Really impressive, about ten times as fast!
Results of three consecutive runs of TSTBPRM on my HP 50g:

```4.07006835938
4.29943847656
4.08447265625
```
As a comparison, the UserRPL version returns
```42.118775
42.271485
42.263916
```
Quote:
```      GetRowCount #1+_ONE_DO (DO)   ( do for each row )
( note that the first prime converted will actually be 2 instead of 1 )
```

There was a discussion here about the primality (or non-primality) of 1 about three years ago:

Quote:
The source code follows, exactly as it was compiled by Debug4x.

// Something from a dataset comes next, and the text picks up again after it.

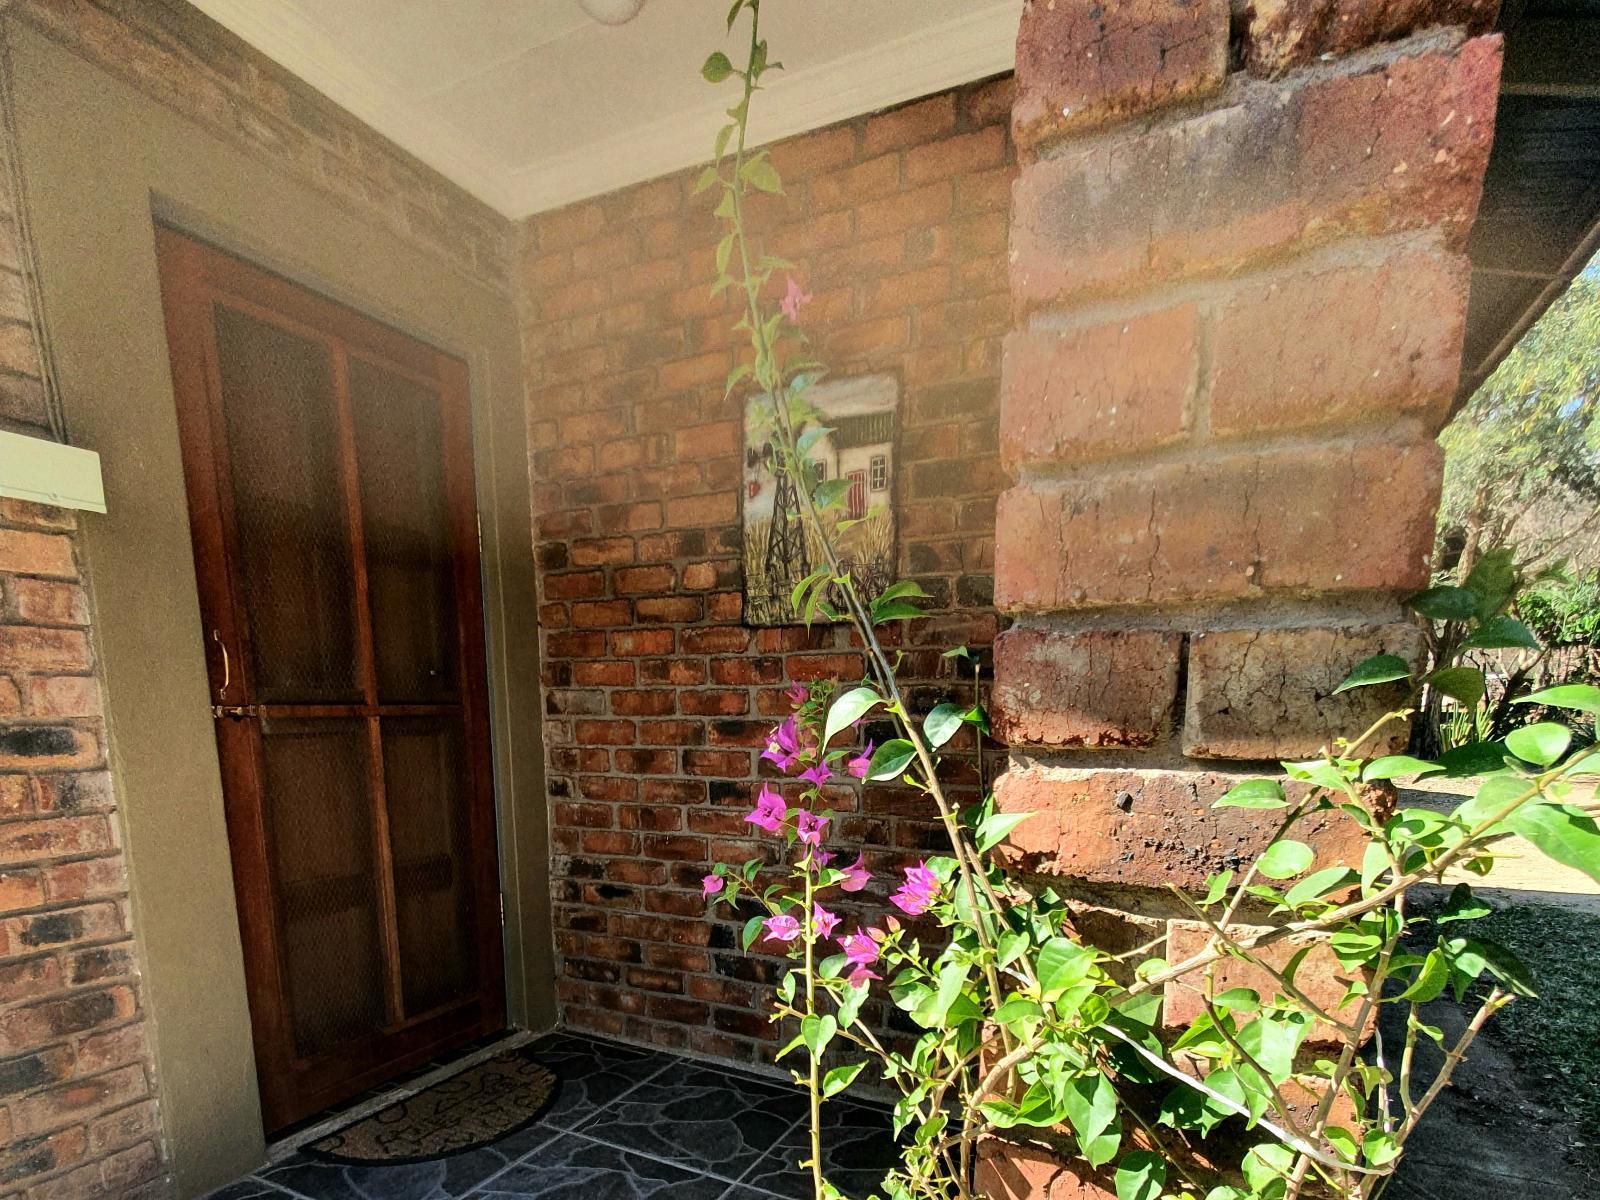 Doringpoort Lodge Marloth Park Mpumalanga South Africa Blossom, Plant, Nature, Flower, House, Building, Architecture, Wall, Brick Texture, Texture, Garden
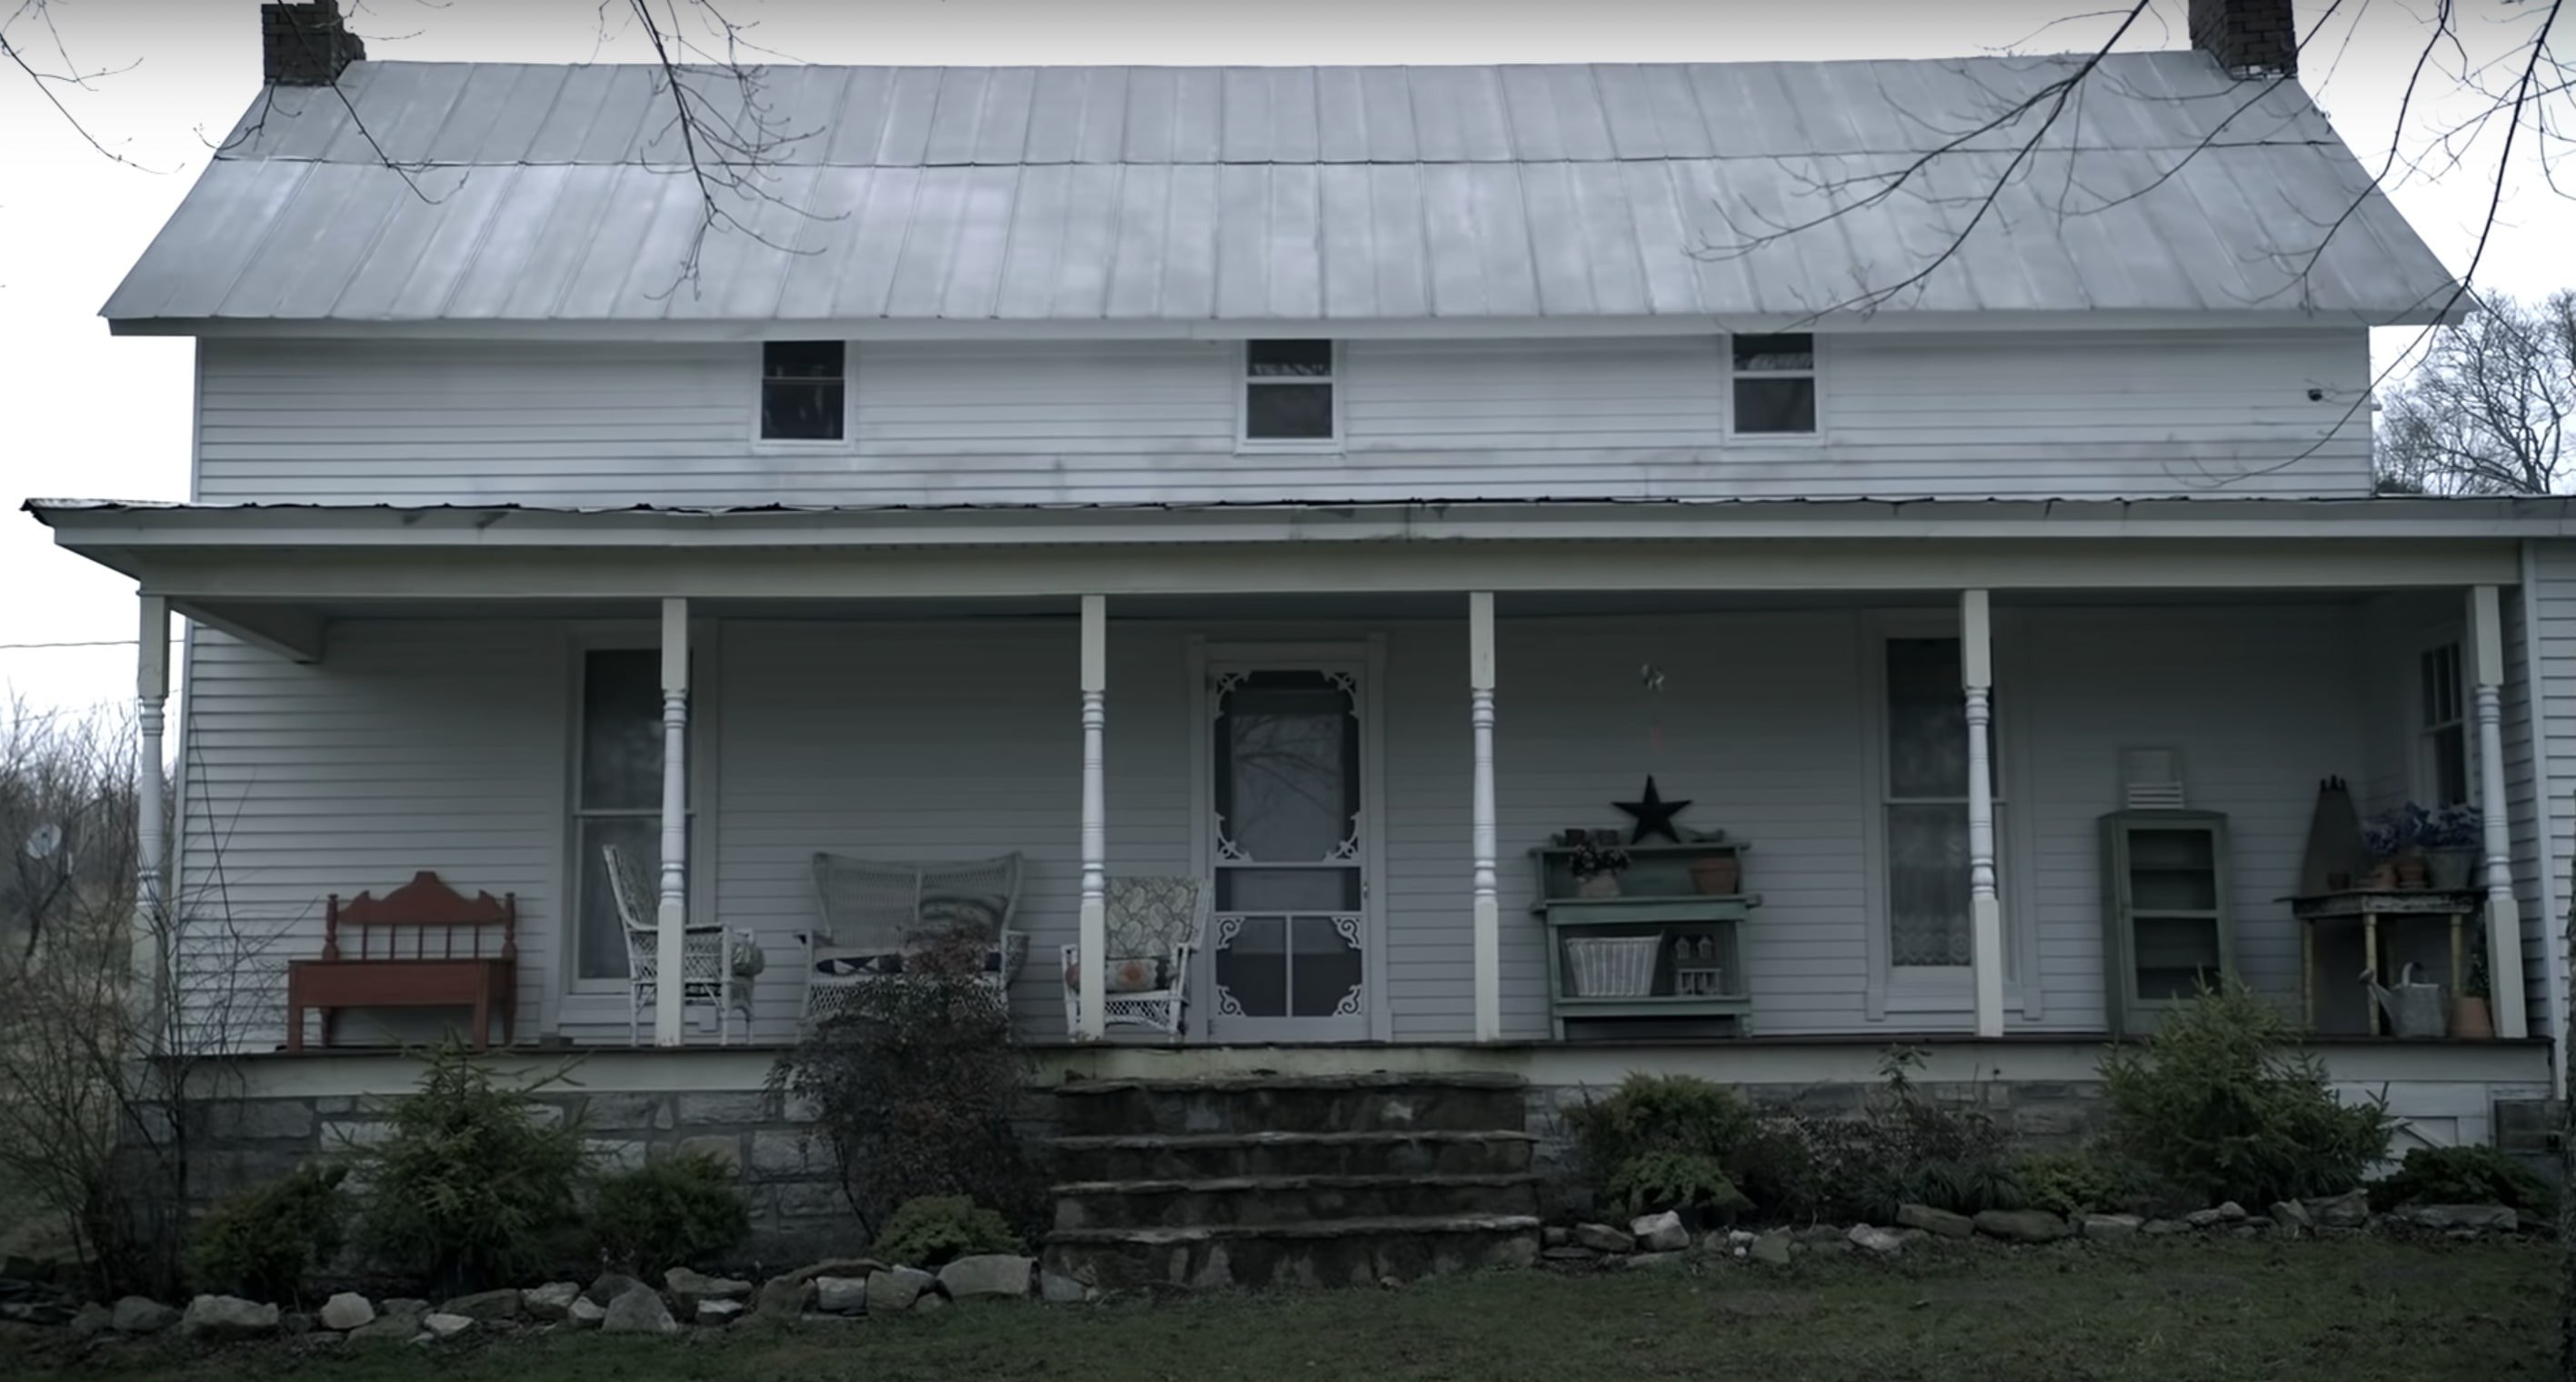 An old house as seen in Miranda Lambert's song "The House That Built Me" | Source: YouTube/@mirandalambert

If you want to try this with the built-in assembler (ala menu 256), you'll have to pull it apart into separate pieces.

Indeed easier using Debug4. Thanks for the tip!

Gerson.

Quote:
Thanks to all that posted dif ideas,

I second that! That's what I like in this forum: For every occasional small contribution, I've always been given many more in return, and much more valuable ones!